GBPUSD might be tired from its climb as price seems to be forming a head and shoulders pattern on its 1-hour time frame.
The pair has yet to complete the right shoulder if the short-term Fib levels keep gains in check.
In particular, price could find resistance at the 1.3200 major psychological level, which has served as an area of interest in the past. For now, price is already hitting resistance around the 38.2% Fibonacci retracement level that lines up with the 200 SMA dynamic inflection point.
The 100 SMA is below the longer-term 200 SMA so the path of least resistance is to the downside. Also, stochastic is nearing the overbought zone, which means that sellers could take control of price action soon. If so, GBPUSD could head back to the lows at 1.3050, which is the neckline of the head and shoulders pattern.
Data from the US came in mixed yesterday but traders still seem hopeful that Fed rate hike expectations could stay in play. The ADP report printed a 177K increase in hiring for August, higher than the projected 174K figure. The July figure was upgraded to show a 194K increase from the initially reported 179K gain. Meanwhile, the Chicago PMI showed a sharper than expected drop to 51.5 to show a slowdown in industry growth.

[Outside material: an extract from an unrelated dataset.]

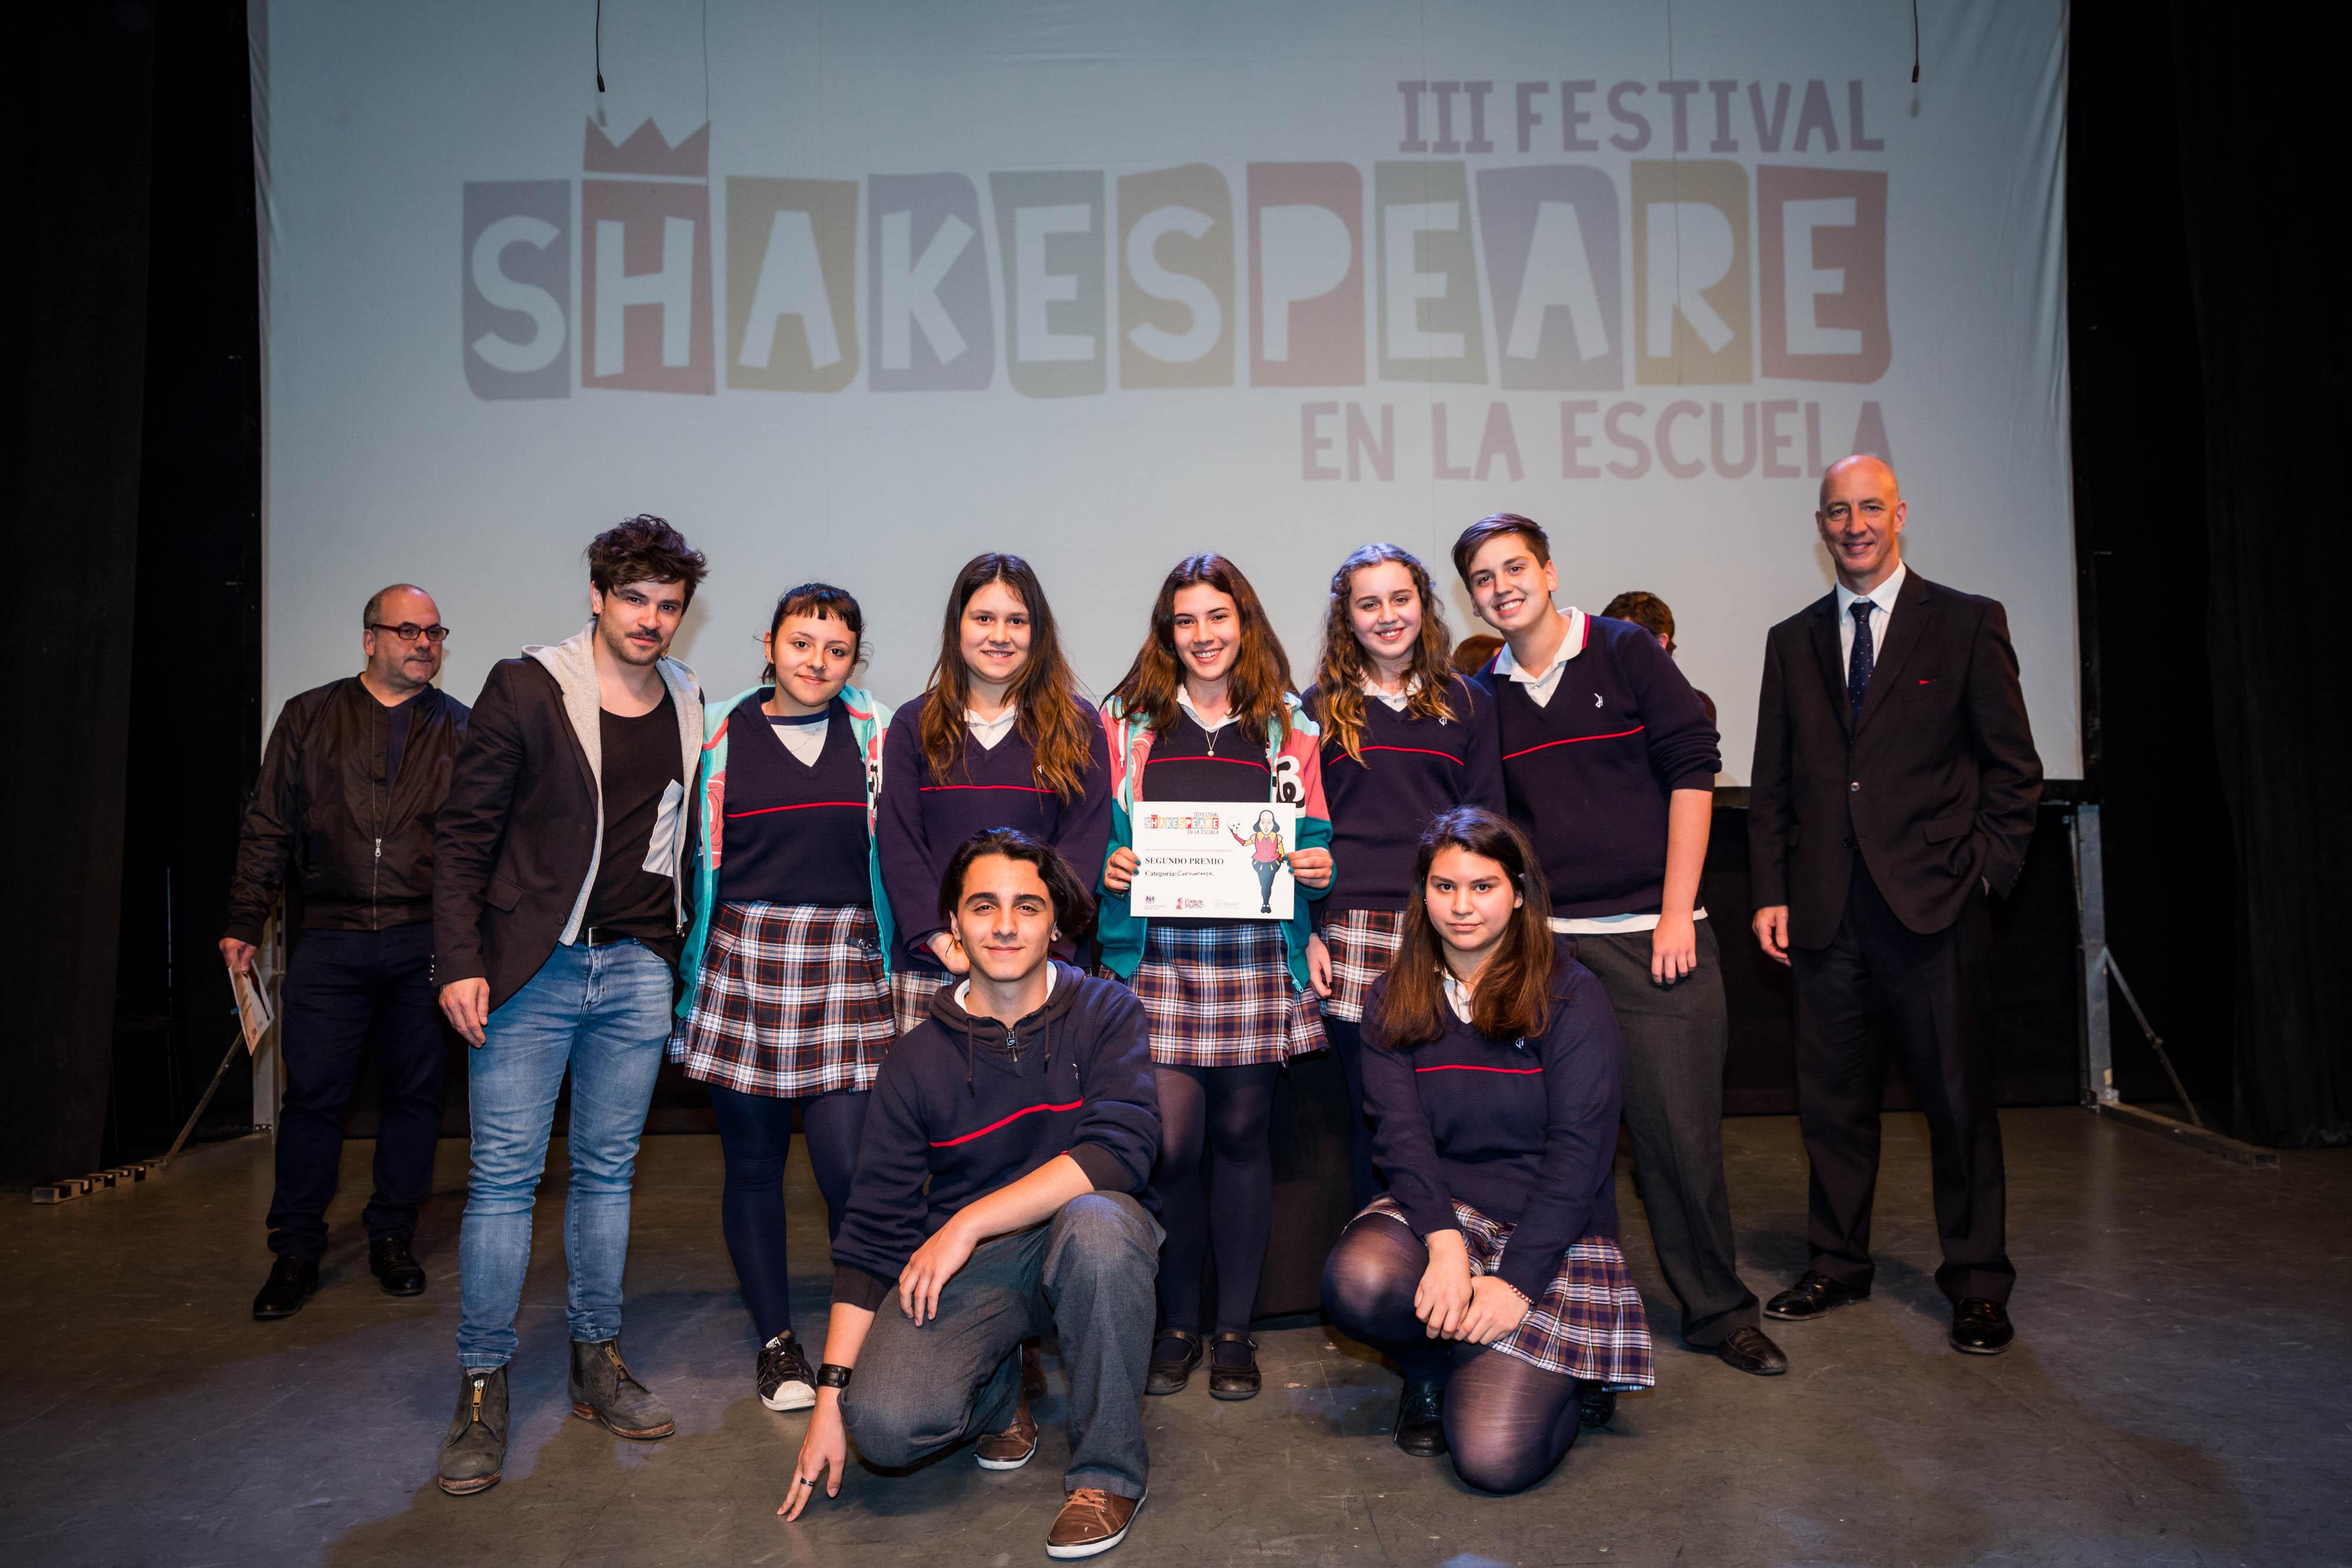 185-Shakespeare en la escuela-050917
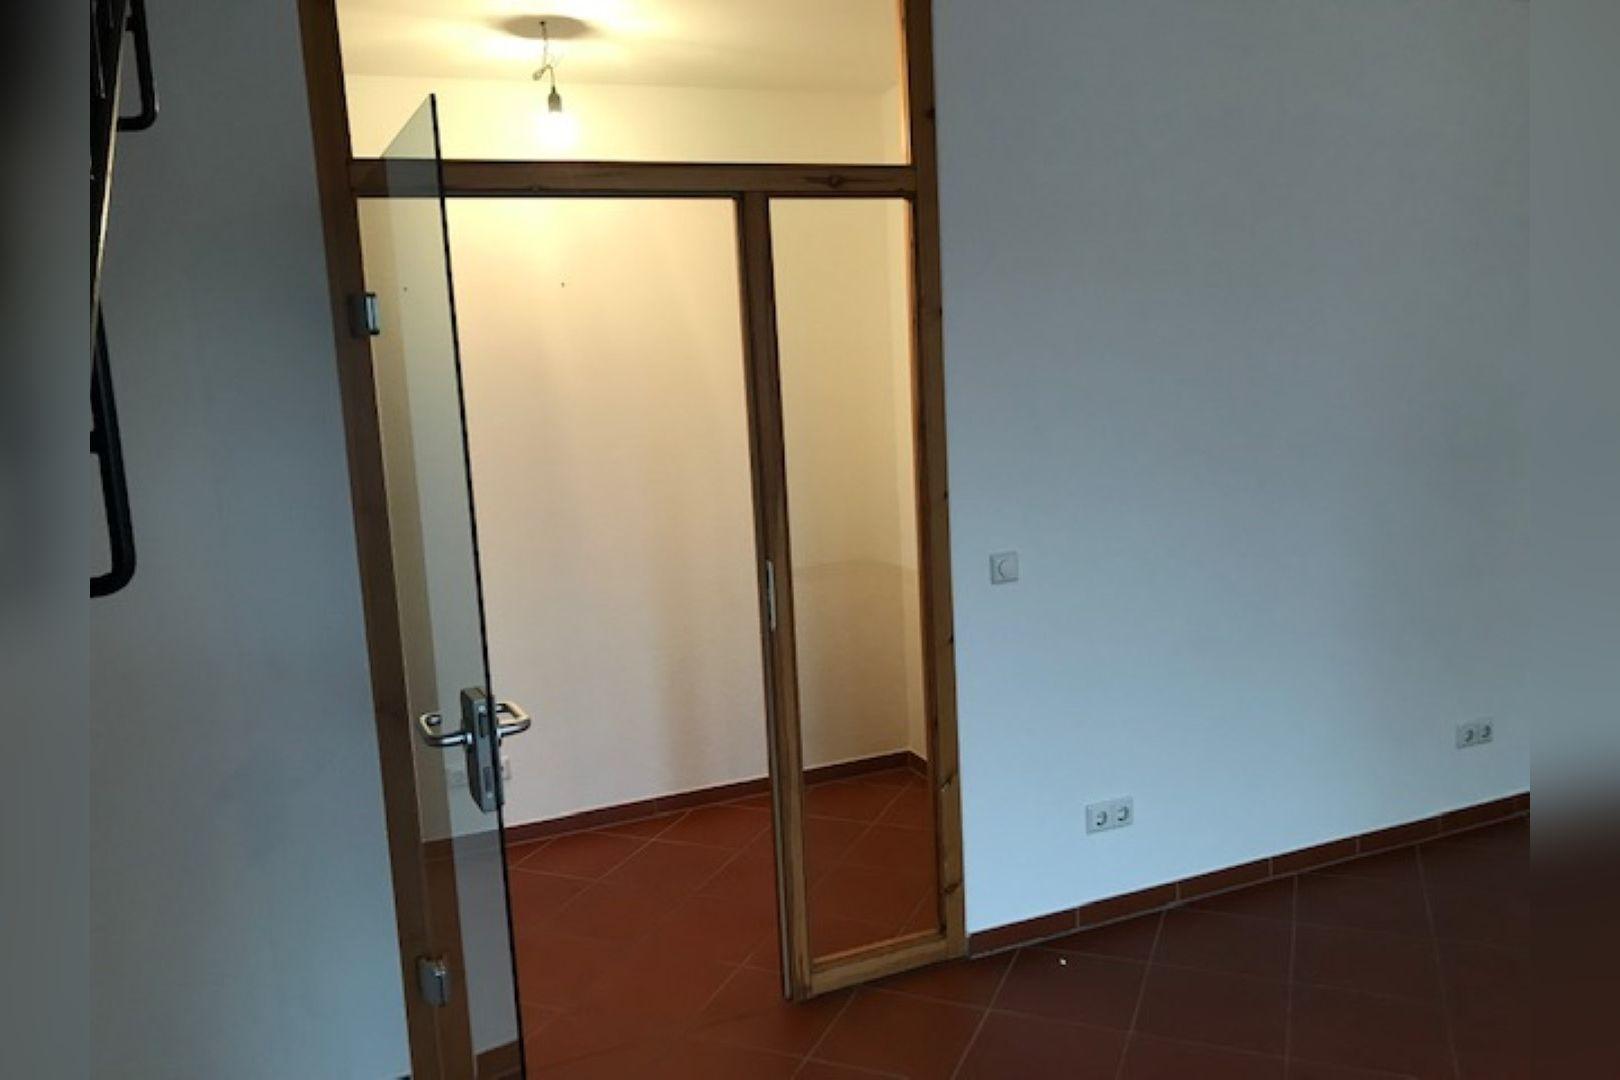 Immobilie Nr.0253 - 3-Zimmer-Maisonette-Wohnung  - Bild 8.jpg

Event risks for today include the UK manufacturing PMI release. Analysts are expecting to see a rise from 48.2 to 49.1 to indicate a slower pace of industry contraction. Stronger than expected data could assure traders that the UK economy is able to stay afloat even after the Brexit vote.
As for the US, initial jobless claims and the ISM manufacturing PMI are up for release. A drop from 52.6 to 52.0 is expected for the PMI but traders are likely to pay closer attention to the jobs component to see if it would hint at a stronger NFP reading or not. Analysts are expecting to see a 186K increase in the NFP report for August, lower than the earlier 255K gain.